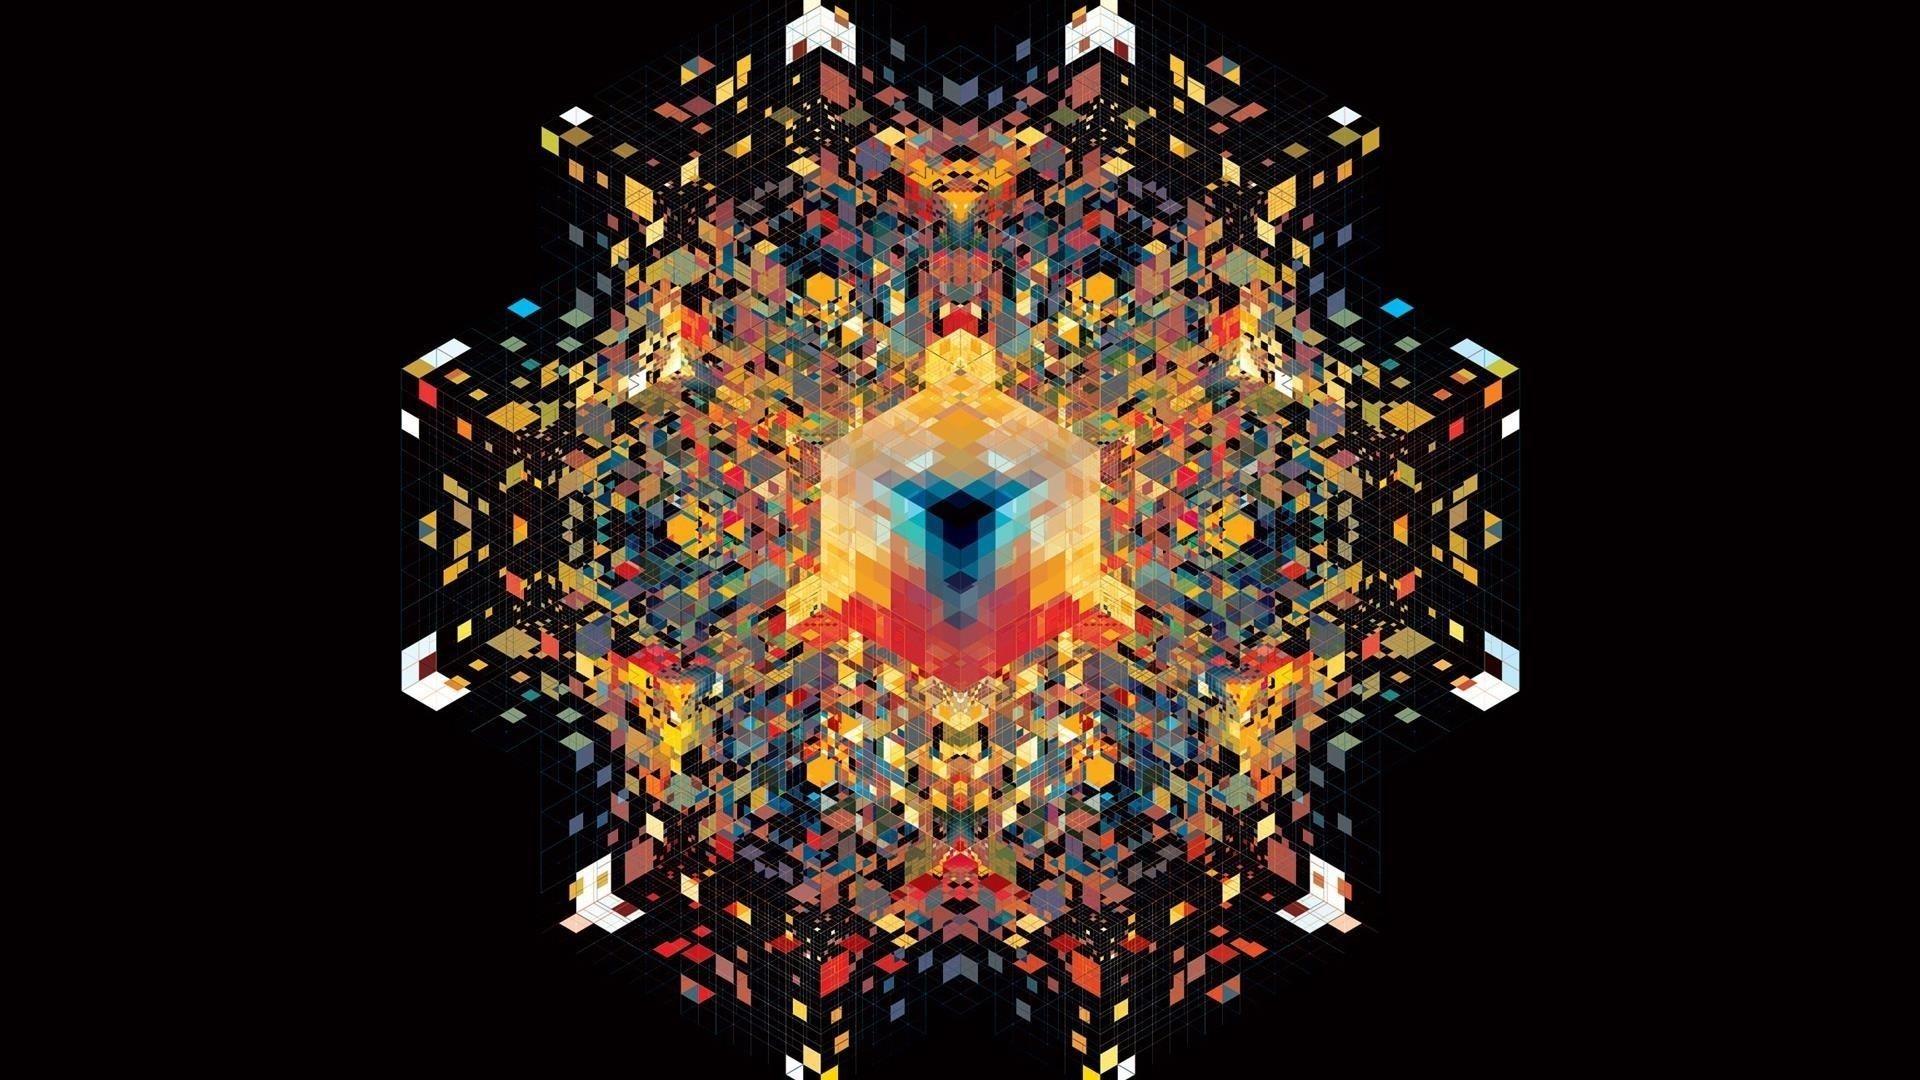 Красочный калейдоскоп абстракция черный фон абстракция обои скачать
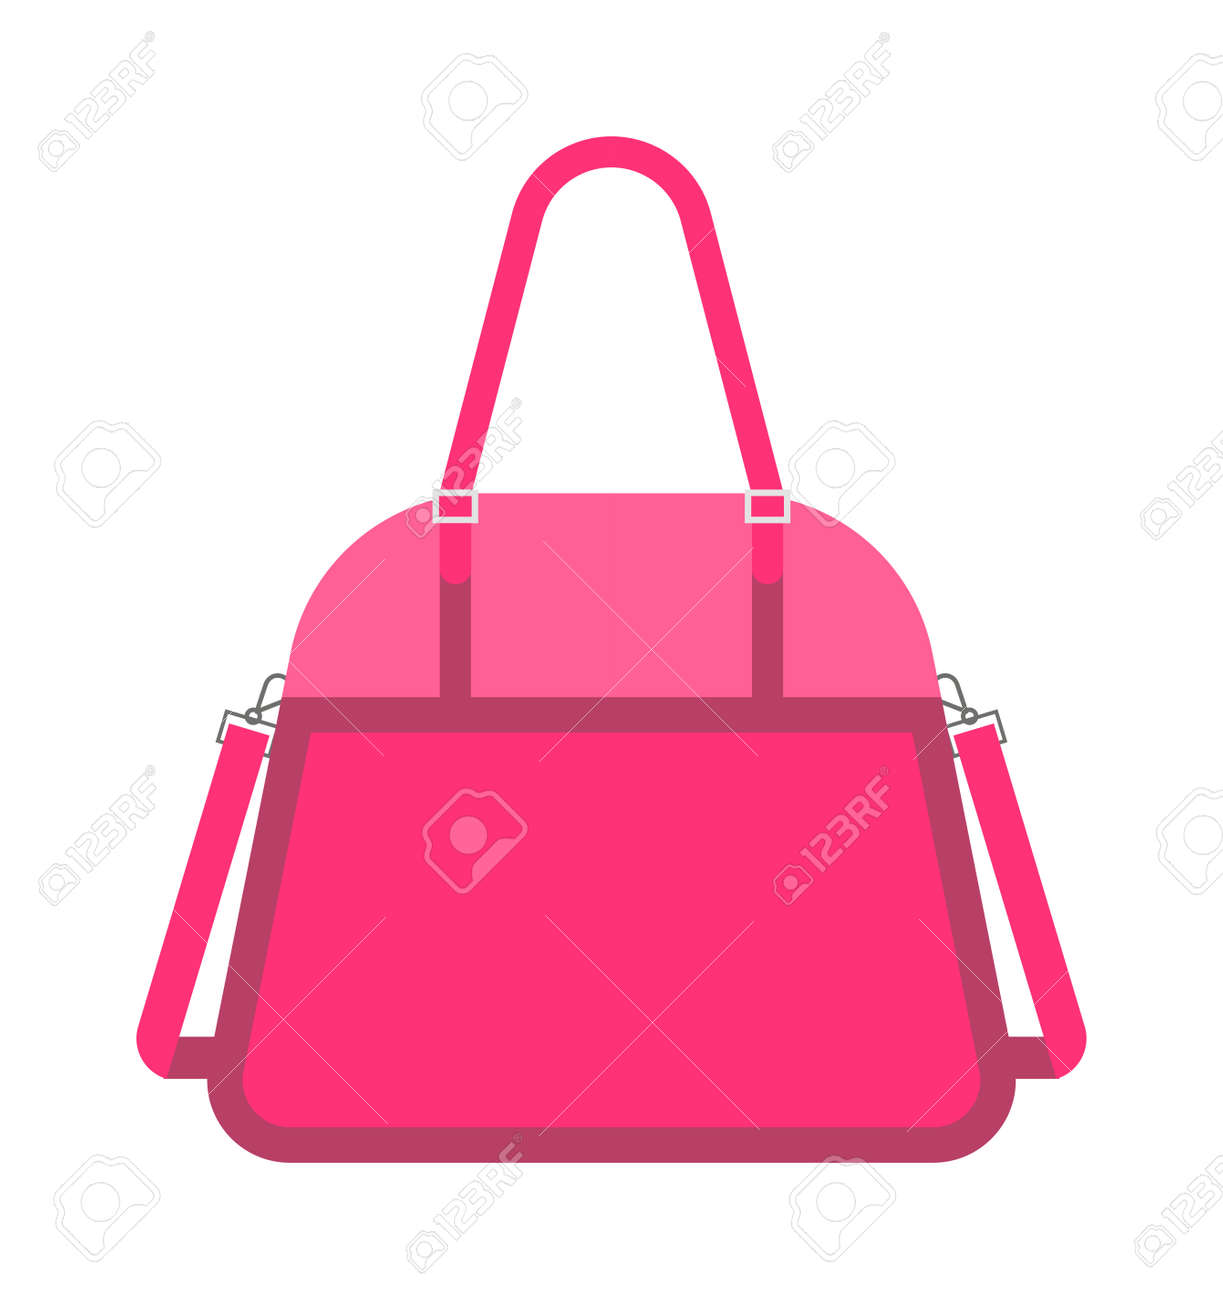 pas cher pour réduction caractéristiques exceptionnelles couleur n brillante Vecteur de sac à main femme fashion rose. Glamour accessoire sac à main  pochette rose et élégance moderne rose embrayage. Style d'embrayage rose ...
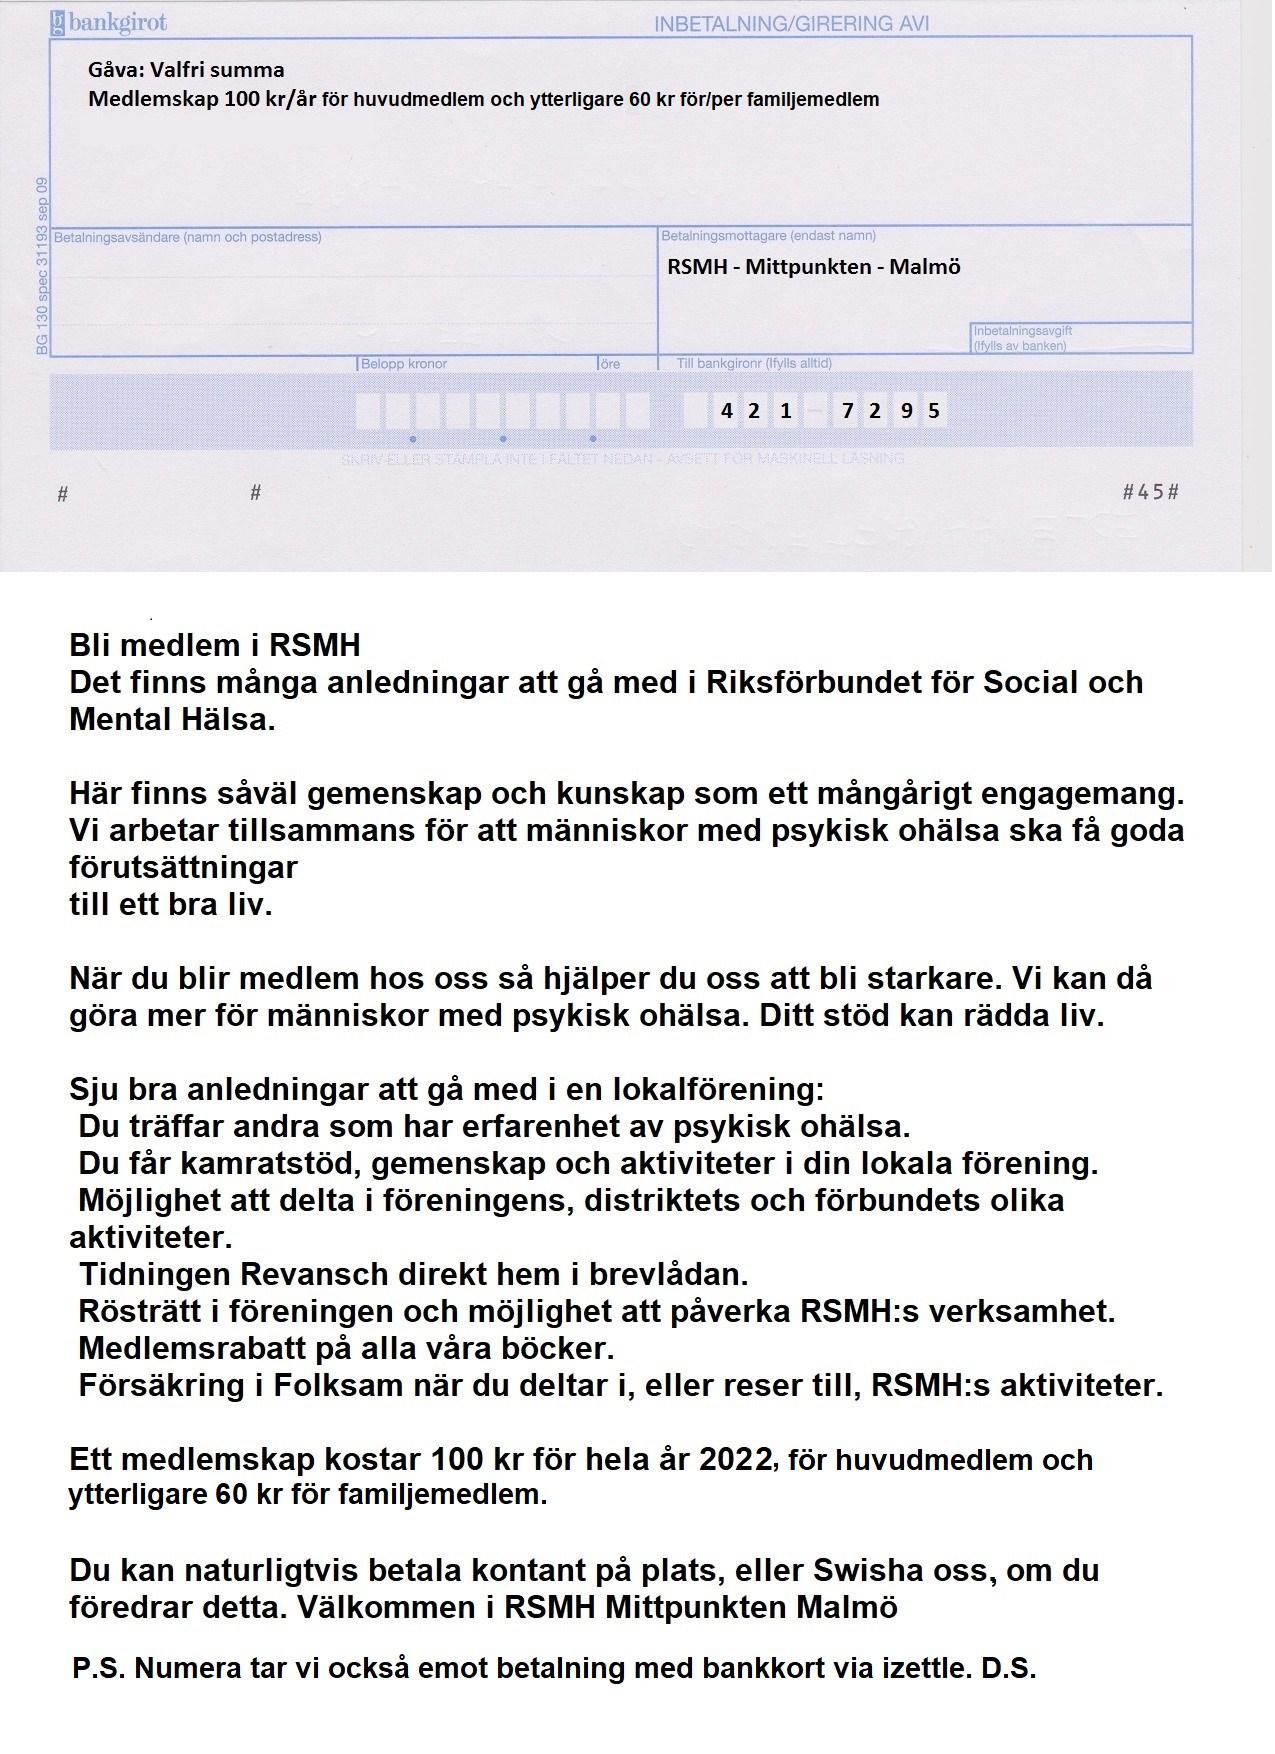 Medlemskap i RSMH Mittpunkten Malmö resterande av 2021 + hela 2022 = 100 kronor bg inbetalningskort.png
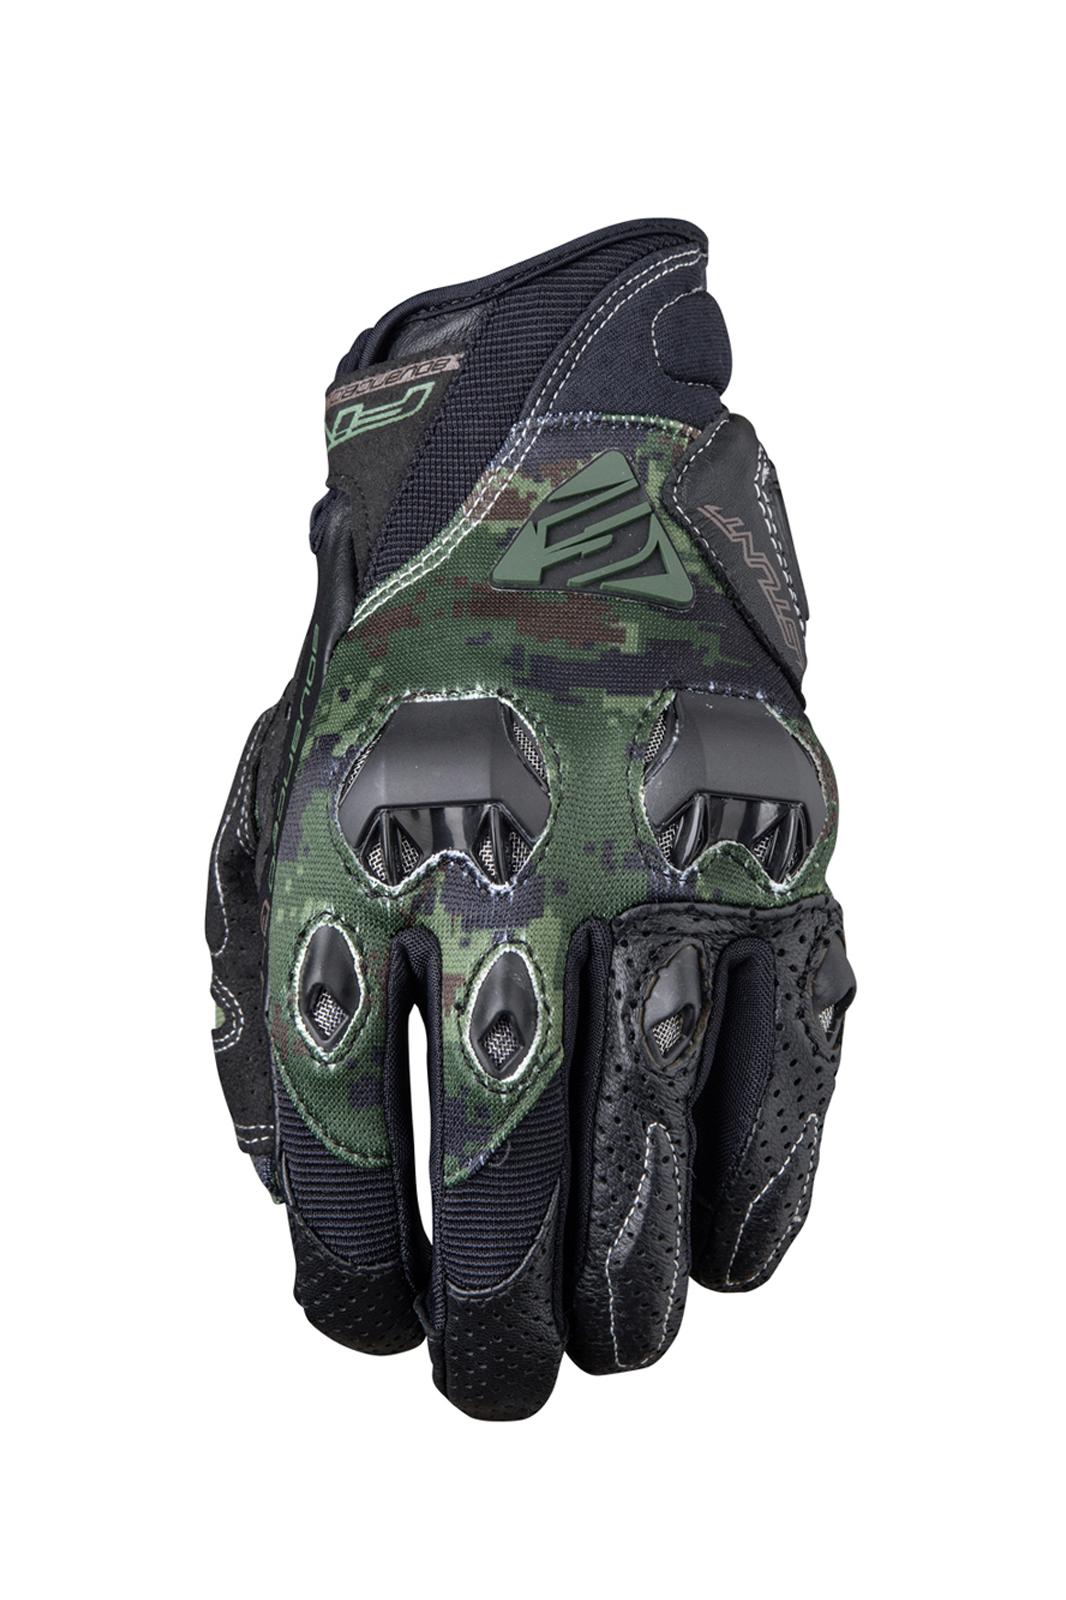 Five Stunt Evo Motorhandschoenen - Replica Army

--*--

(What to work on): Lines from the one that contains "pas cher pour" to the final line of the material are the whole answer. Reproduce them word for word and skip the pictures.

(Exercise output):
 pas cher pour réduction caractéristiques exceptionnelles couleur n brillante Vecteur de sac à main femme fashion rose. Glamour accessoire sac à main  pochette rose et élégance moderne rose embrayage. Style d'embrayage rose ...
 Medlemskap i RSMH Mittpunkten Malmö resterande av 2021 + hela 2022 = 100 kronor bg inbetalningskort.png
 Five Stunt Evo Motorhandschoenen - Replica Army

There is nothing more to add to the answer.